MLK> N_X_METHODS = 20

MLK> 10.times do |i|
MLK> x = X.new # should this be outside the loop?
MLK> x[rand(i % N_X_METHODS)] = i
MLK> end

That is very very cool. Thank you.

BC> Marnen Laibow-Koser wrote:

Is there a better way to do this?

x.send(“x#{rand(i % N_X_METHODS)]”.to_sym))

BC> And you don’t need to_sym either.

This x.send() will be executed a million times.
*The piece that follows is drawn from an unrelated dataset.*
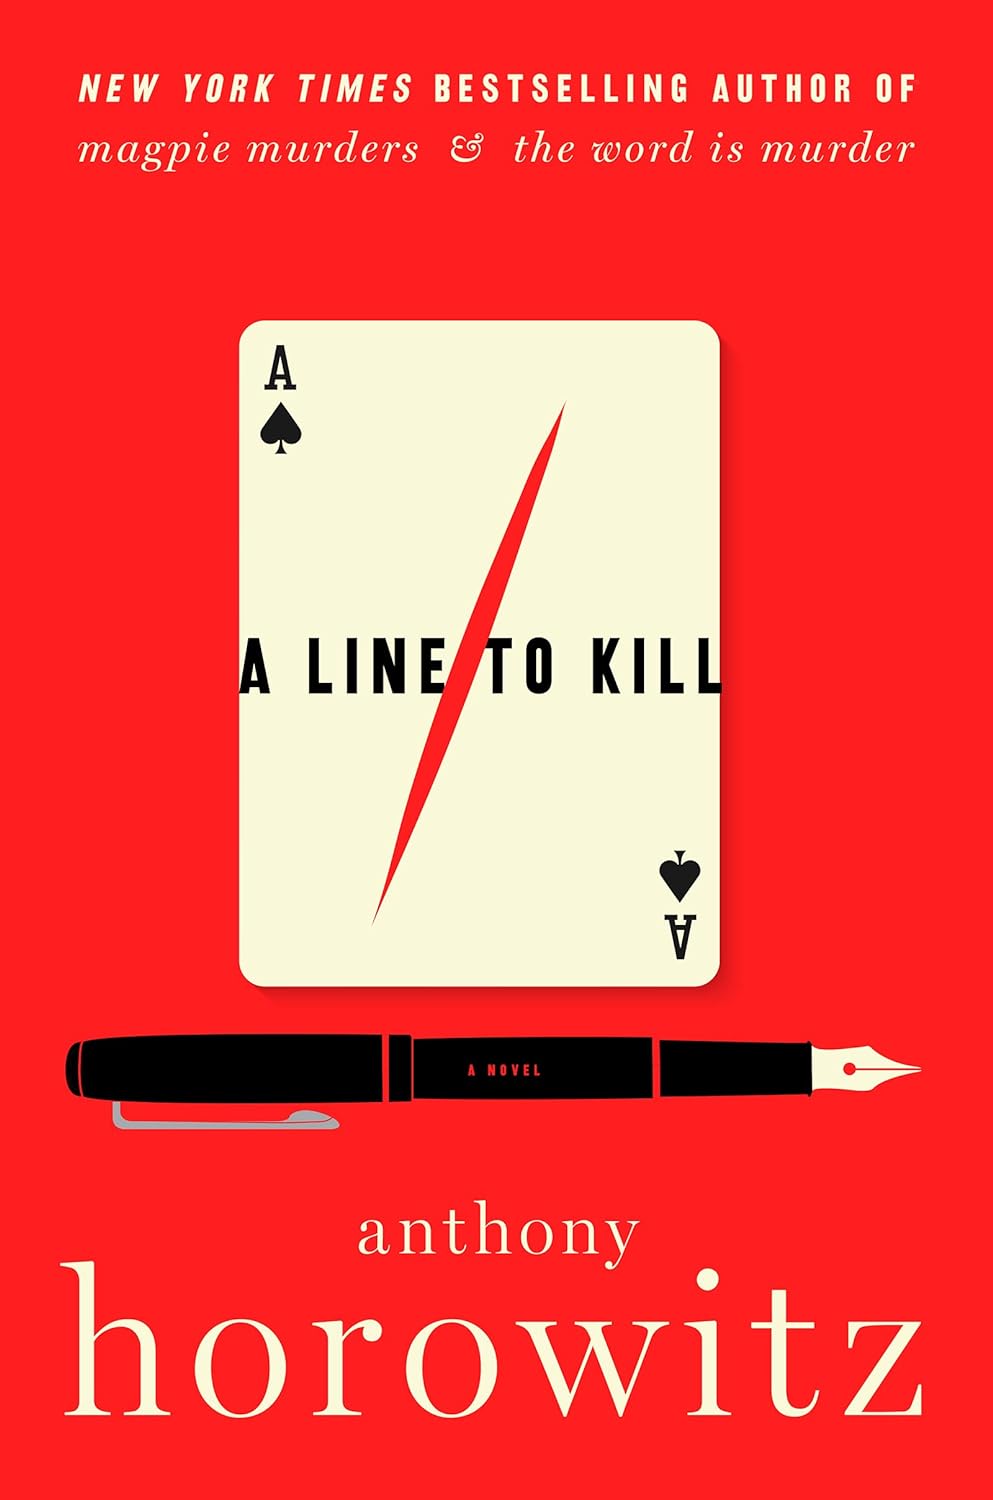 Image for "A Line to Kill: A Novel"

Doesn’t that have a fairly high overhead? Won’t a million symbols be
generated? In my case … with the m array, only 20 symbols would be
generated.

Does it matter?

Is it possible to run out of symbols?

Ralph S. wrote:

BC> Marnen Laibow-Koser wrote:

Is there a better way to do this?

x.send(“x#{rand(i % N_X_METHODS)]”.to_sym))

BC> And you don’t need to_sym either.

This x.send() will be executed a million times.

Doesn’t that have a fairly high overhead? Won’t a million symbols be
generated? In my case … with the m array, only 20 symbols would be
generated.

Does it matter?

Is it possible to run out of symbols?

Do you know the difference between symbols and strings? A million
strings may be generated (and quickly GC’d), but only 20 symbols will.

What are you trying to do here, anyway? I strongly suspect that there’s
a better approach thanyour pseudoarray. If you can describe the use
case, I’ll see what comes to mind.

Best,

Marnen Laibow-Koser
http://www.marnen.org
[email protected]

BC>> Marnen Laibow-Koser wrote:

Is there a better way to do this?

x.send(“x#{rand(i % N_X_METHODS)]”.to_sym))

BC>> And you don’t need to_sym either.

RS> This x.send() will be executed a million times.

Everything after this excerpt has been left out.